Description of key information

The substance was found to be not irritant to the skin in a recent in vitro key study.

The test substance was not eye irritating in an in vivo assay.

Key value for chemical safety assessment

Skin irritation / corrosion

Endpoint conclusion

Endpoint conclusion:

no adverse effect observed (not irritating)

Eye irritation

Endpoint conclusion

Endpoint conclusion:

no adverse effect observed (not irritating)

Respiratory irritation

Endpoint conclusion

Endpoint conclusion:

no study available

Additional information

Skin irritation

There is an in vitro study available assessing possible irritation effects of the test substance to the skin.

The key in vitro study (2017) was performed to assess the irritation potential of the test substance by means of the Human Skin Model Test. The test was according to OECD 439 and GLP.

Each three tissues of the human skin model EpiDerm™ were treated with the test item, the negative or the positive control for 60 minutes. After treatment with the test item, the mean relative absorbance value was 105.4% compared to the relative absorbance value of the negative control. This value is above the threshold for irritancy of ≤ 50%. Therefore, the test item is not considered to possess an irritant potential.

In conclusion, it can be stated that in this study and under the experimental conditions reported, the test substance was not irritant to skin

Eye irritation

There is one study available assessing possible irritation or corrosion potential of the test substance to the eye. The study was performed according to GLP and internationally accepted guidelines.
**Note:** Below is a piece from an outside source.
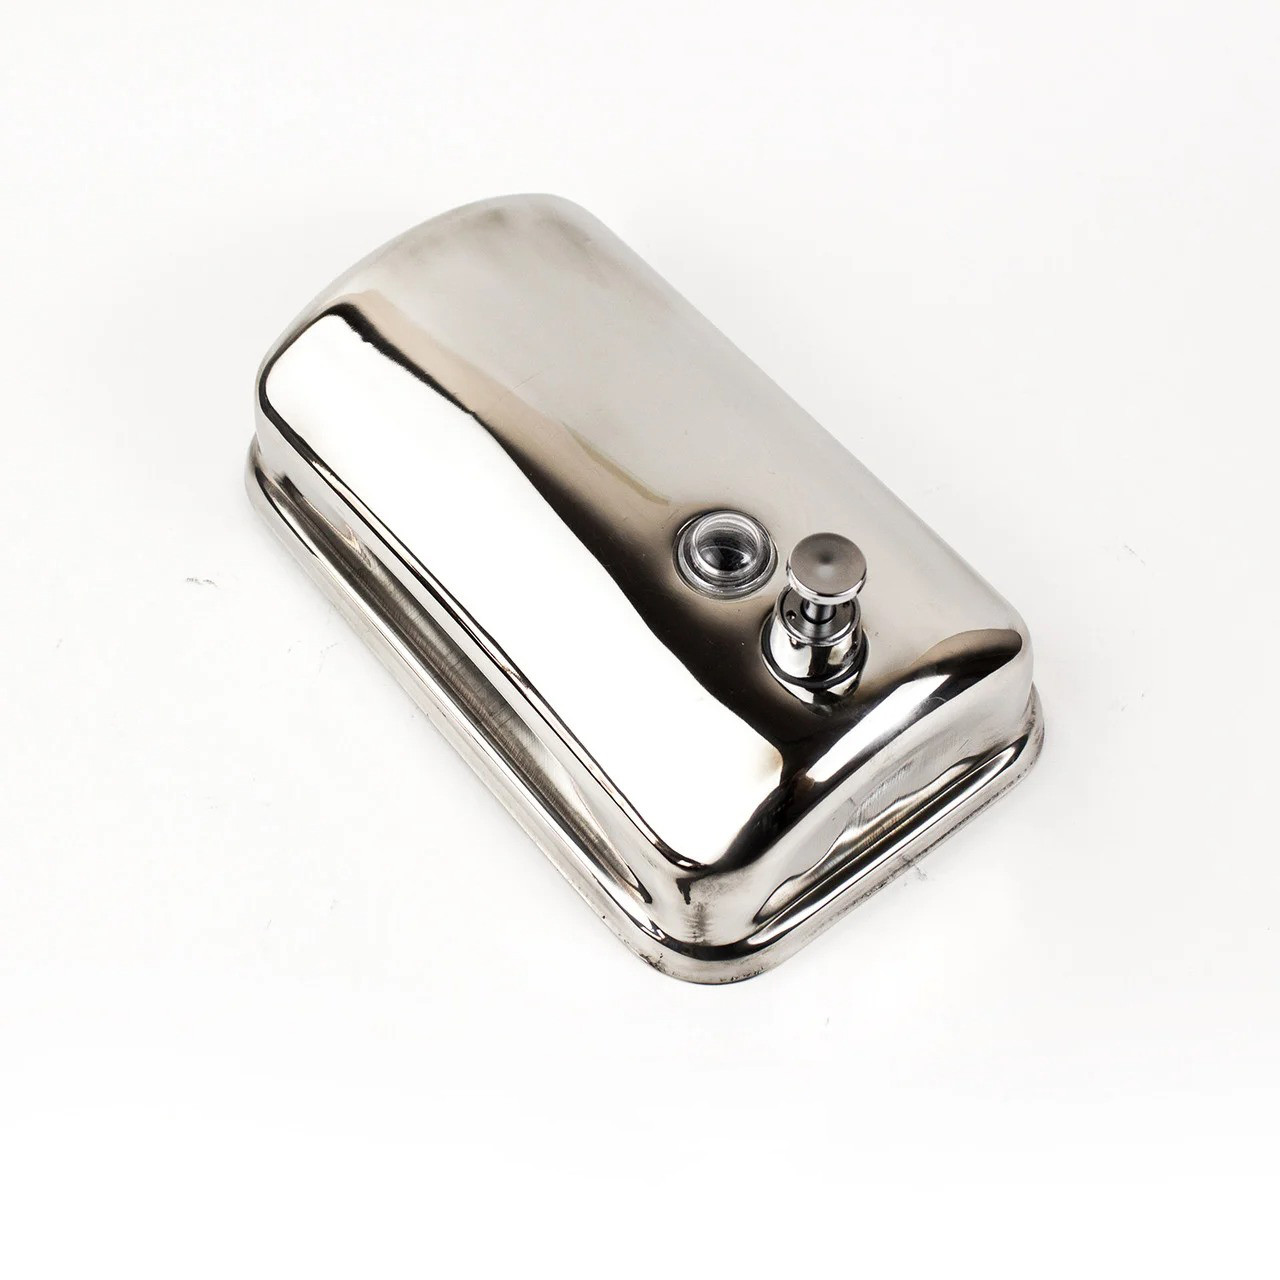 Дозатор GL404 для жидкого мыла настенный (маленький)
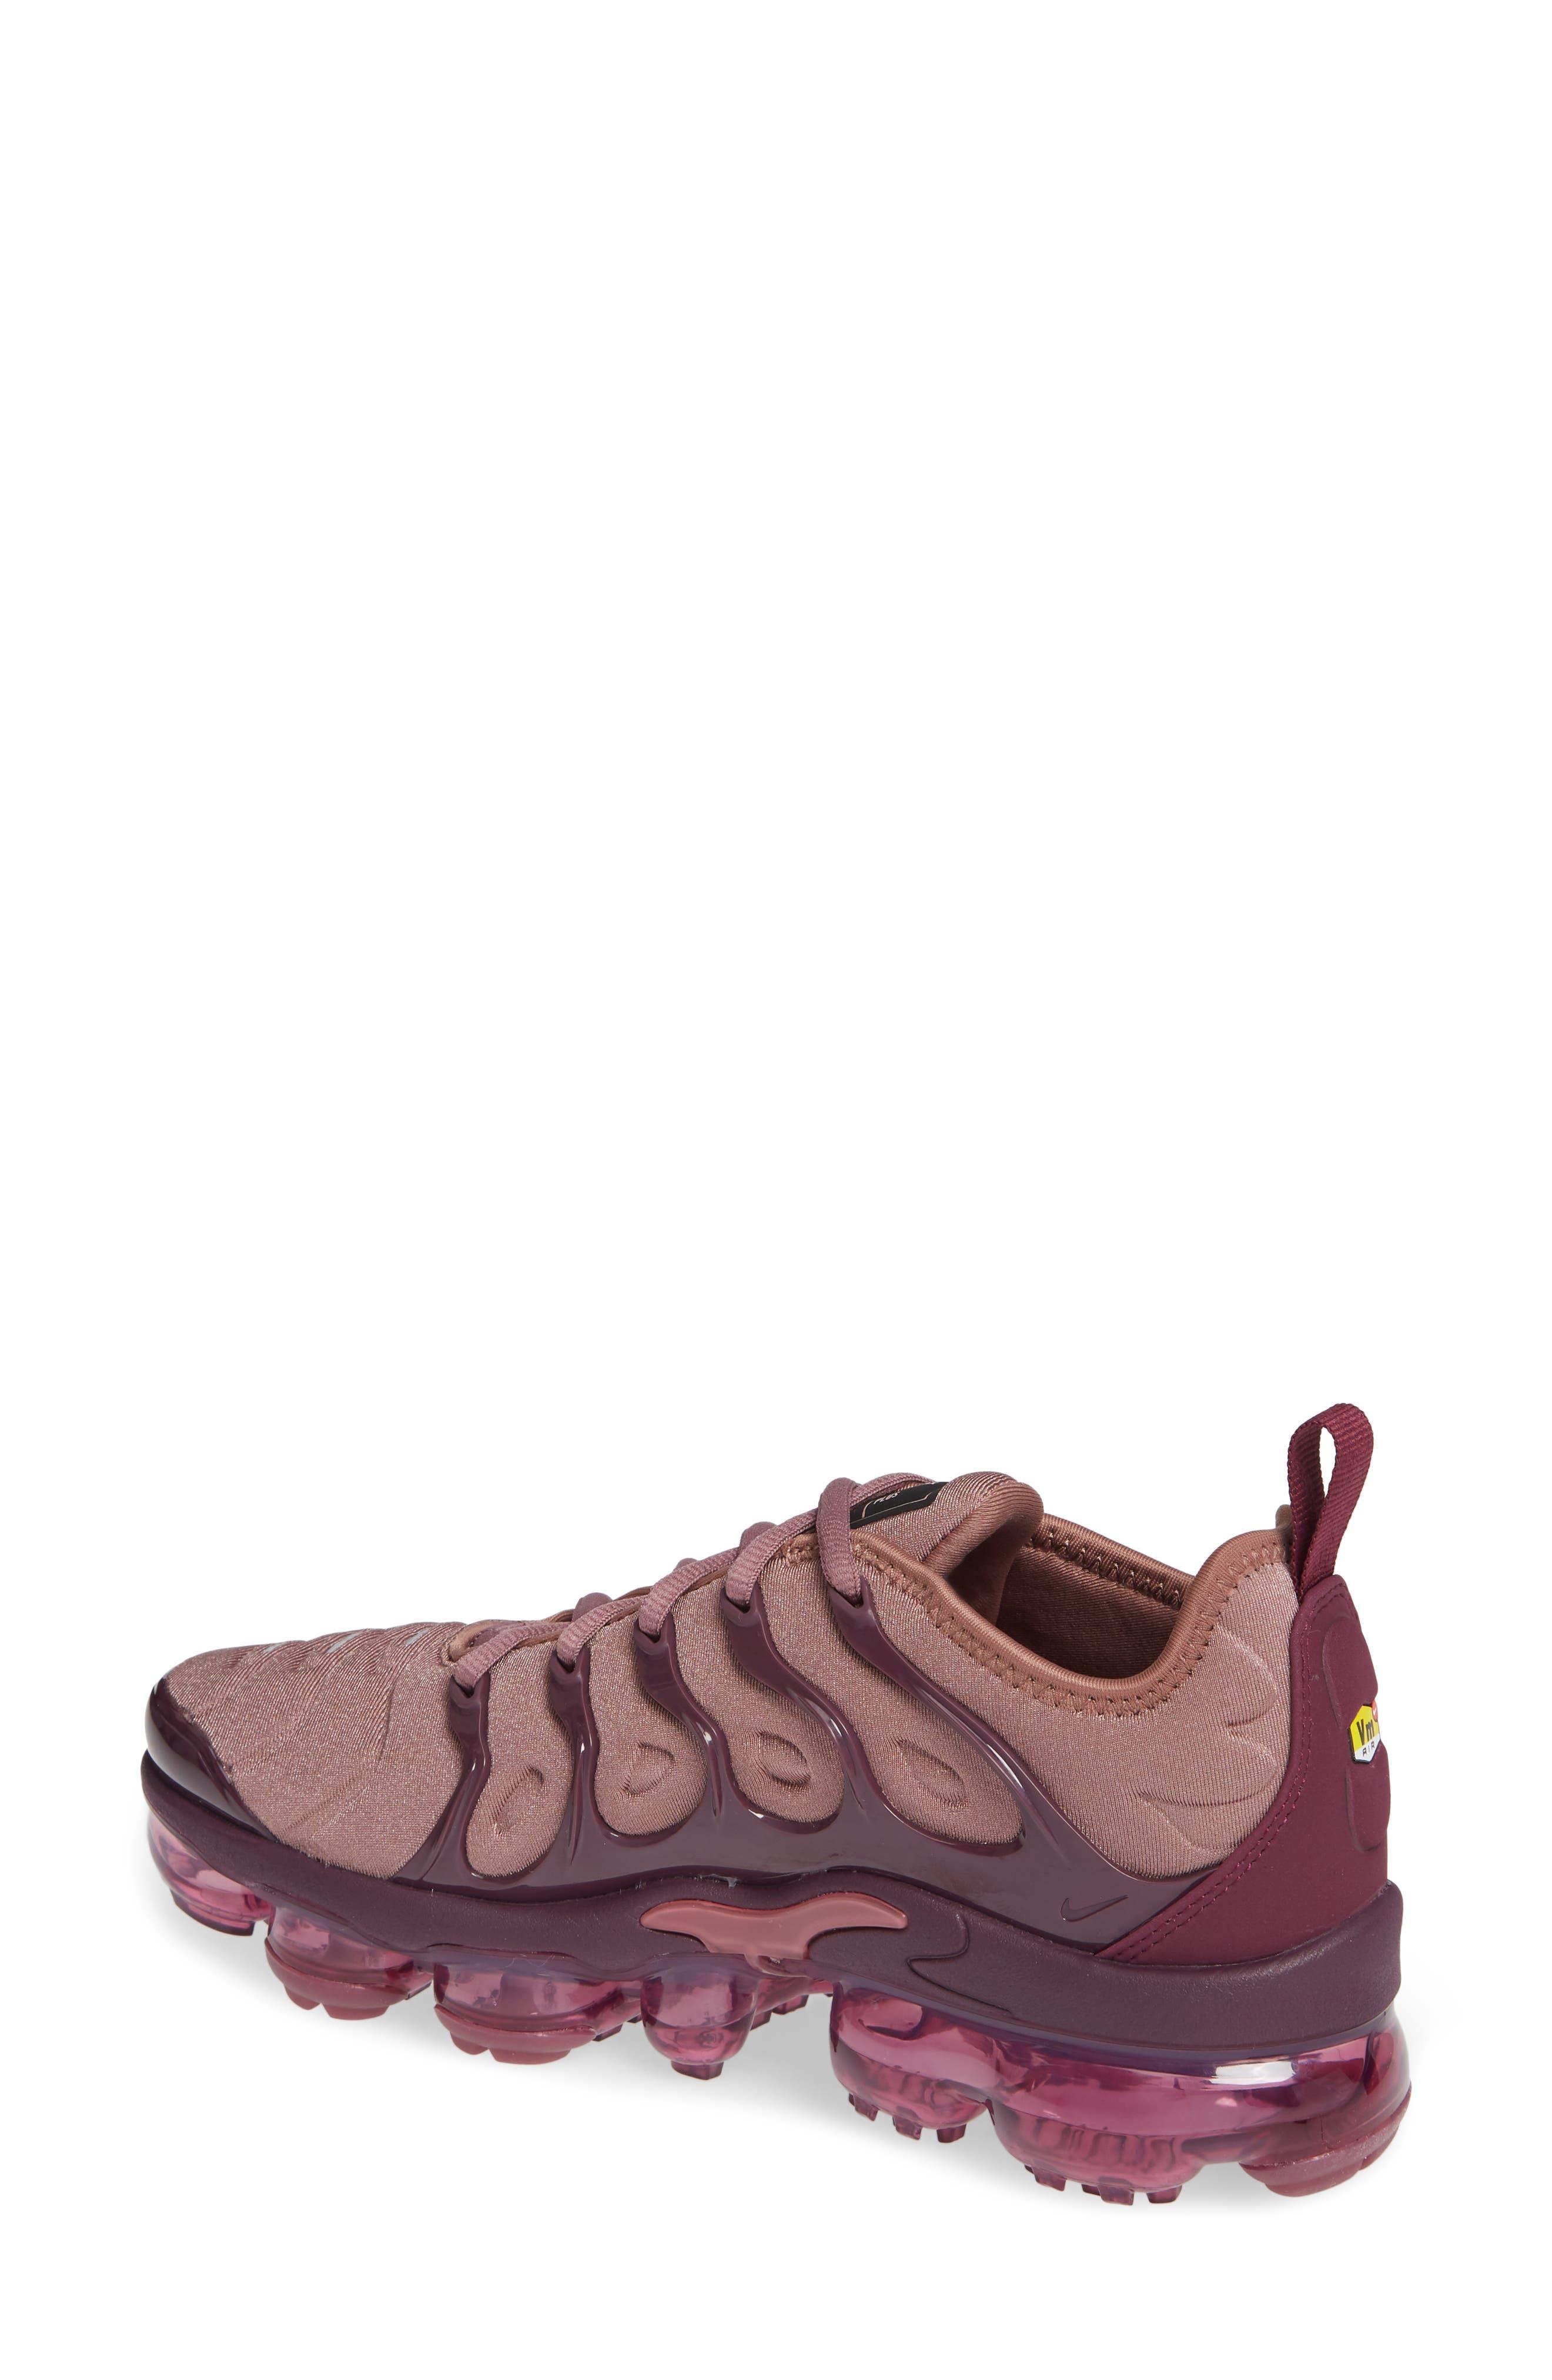 Air VaporMax Plus Sneaker,                             Alternate thumbnail 2, color,                             MAUVE/ BORDEAUX/ WINE/ BLACK

The eye irritant effect of the test substance was investigated according to the OECD 405. Four female albino rabbits were exposed to 0.1 mL of the test article in the left eye, while the other eye remained untreated and served as control.

The eyes were examined and the changes were graded according to a numerical scale one hour, 24, 48 and 72 hours alter dosing.

Very slight signs of irritation were observed on the treated eyes one hour after exposure. However, the effects were fully reversible as they were no longer observed after 24 hours. According to the CLP regulation the test item shall not be classified as eye irritating.

Justification for selection of skin irritation / corrosion endpoint:

The study is well documented and according to GLP and internationally accepted guidelines.

Justification for selection of eye irritation endpoint:

The study is well documented and according to GLP and internationally accepted guidelines.

Justification for classification or non-classification

Skin irritation

In the key in vitro study according to OECD 439 no potential for skin irritation by the test item was observed. In conclusion, classification of the test substance is not required according to the criteria set out in the CLP regulation.

Eye irritation

Very slight signs of irritation were observed one hour after exposure. However, after 24 hours all signs of irritation were gone, resulting in a score of 0 for all tested animals.

The cut-off value according to the CLP regulation is 2, and the observed effects should be fully reversible, therefore classification of the test substance is not required according to the criteria set out in the EU Regulation No. 1272/2008 on the Classification, Labelling and Packaging of Substances and Mixtures (CLP).